* **ASSIGNMENT**: In the records below, locate the line containing "8.- URUGUAY 2018", then output that line and all later lines exactly, through the last one.

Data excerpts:
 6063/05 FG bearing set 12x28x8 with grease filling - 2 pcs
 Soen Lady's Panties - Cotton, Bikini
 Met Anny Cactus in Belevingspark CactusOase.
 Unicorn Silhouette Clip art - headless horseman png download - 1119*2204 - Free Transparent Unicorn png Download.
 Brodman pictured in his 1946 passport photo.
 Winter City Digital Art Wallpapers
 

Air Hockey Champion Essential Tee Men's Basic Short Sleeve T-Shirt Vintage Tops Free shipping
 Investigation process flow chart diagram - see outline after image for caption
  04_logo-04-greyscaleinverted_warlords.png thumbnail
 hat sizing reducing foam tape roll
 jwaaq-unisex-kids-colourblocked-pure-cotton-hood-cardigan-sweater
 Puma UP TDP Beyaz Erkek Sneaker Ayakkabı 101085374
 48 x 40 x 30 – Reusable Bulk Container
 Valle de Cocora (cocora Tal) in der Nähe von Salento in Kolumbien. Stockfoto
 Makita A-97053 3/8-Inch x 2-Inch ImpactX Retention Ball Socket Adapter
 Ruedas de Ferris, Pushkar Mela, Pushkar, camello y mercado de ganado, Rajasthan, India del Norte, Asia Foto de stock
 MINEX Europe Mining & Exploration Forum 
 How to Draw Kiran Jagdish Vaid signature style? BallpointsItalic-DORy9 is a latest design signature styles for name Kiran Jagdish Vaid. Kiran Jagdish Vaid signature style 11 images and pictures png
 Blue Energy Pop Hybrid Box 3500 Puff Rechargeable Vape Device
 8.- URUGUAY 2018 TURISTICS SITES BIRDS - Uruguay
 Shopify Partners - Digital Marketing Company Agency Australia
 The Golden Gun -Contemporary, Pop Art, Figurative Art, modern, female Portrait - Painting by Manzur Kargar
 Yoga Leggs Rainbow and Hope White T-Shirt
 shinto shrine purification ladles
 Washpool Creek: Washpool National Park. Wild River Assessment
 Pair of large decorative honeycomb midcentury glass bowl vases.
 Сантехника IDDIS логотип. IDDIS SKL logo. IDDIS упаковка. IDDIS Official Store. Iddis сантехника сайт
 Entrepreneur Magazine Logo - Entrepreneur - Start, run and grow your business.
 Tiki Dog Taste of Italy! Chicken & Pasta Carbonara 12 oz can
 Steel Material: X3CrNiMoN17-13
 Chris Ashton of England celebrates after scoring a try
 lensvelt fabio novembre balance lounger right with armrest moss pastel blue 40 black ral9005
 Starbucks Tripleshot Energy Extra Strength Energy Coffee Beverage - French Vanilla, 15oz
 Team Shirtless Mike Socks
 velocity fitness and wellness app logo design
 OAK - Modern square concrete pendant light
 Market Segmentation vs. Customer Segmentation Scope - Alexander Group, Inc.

* **OUTPUT OF THE TASK**:
 8.- URUGUAY 2018 TURISTICS SITES BIRDS - Uruguay
 Shopify Partners - Digital Marketing Company Agency Australia
 The Golden Gun -Contemporary, Pop Art, Figurative Art, modern, female Portrait - Painting by Manzur Kargar
 Yoga Leggs Rainbow and Hope White T-Shirt
 shinto shrine purification ladles
 Washpool Creek: Washpool National Park. Wild River Assessment
 Pair of large decorative honeycomb midcentury glass bowl vases.
 Сантехника IDDIS логотип. IDDIS SKL logo. IDDIS упаковка. IDDIS Official Store. Iddis сантехника сайт
 Entrepreneur Magazine Logo - Entrepreneur - Start, run and grow your business.
 Tiki Dog Taste of Italy! Chicken & Pasta Carbonara 12 oz can
 Steel Material: X3CrNiMoN17-13
 Chris Ashton of England celebrates after scoring a try
 lensvelt fabio novembre balance lounger right with armrest moss pastel blue 40 black ral9005
 Starbucks Tripleshot Energy Extra Strength Energy Coffee Beverage - French Vanilla, 15oz
 Team Shirtless Mike Socks
 velocity fitness and wellness app logo design
 OAK - Modern square concrete pendant light
 Market Segmentation vs. Customer Segmentation Scope - Alexander Group, Inc.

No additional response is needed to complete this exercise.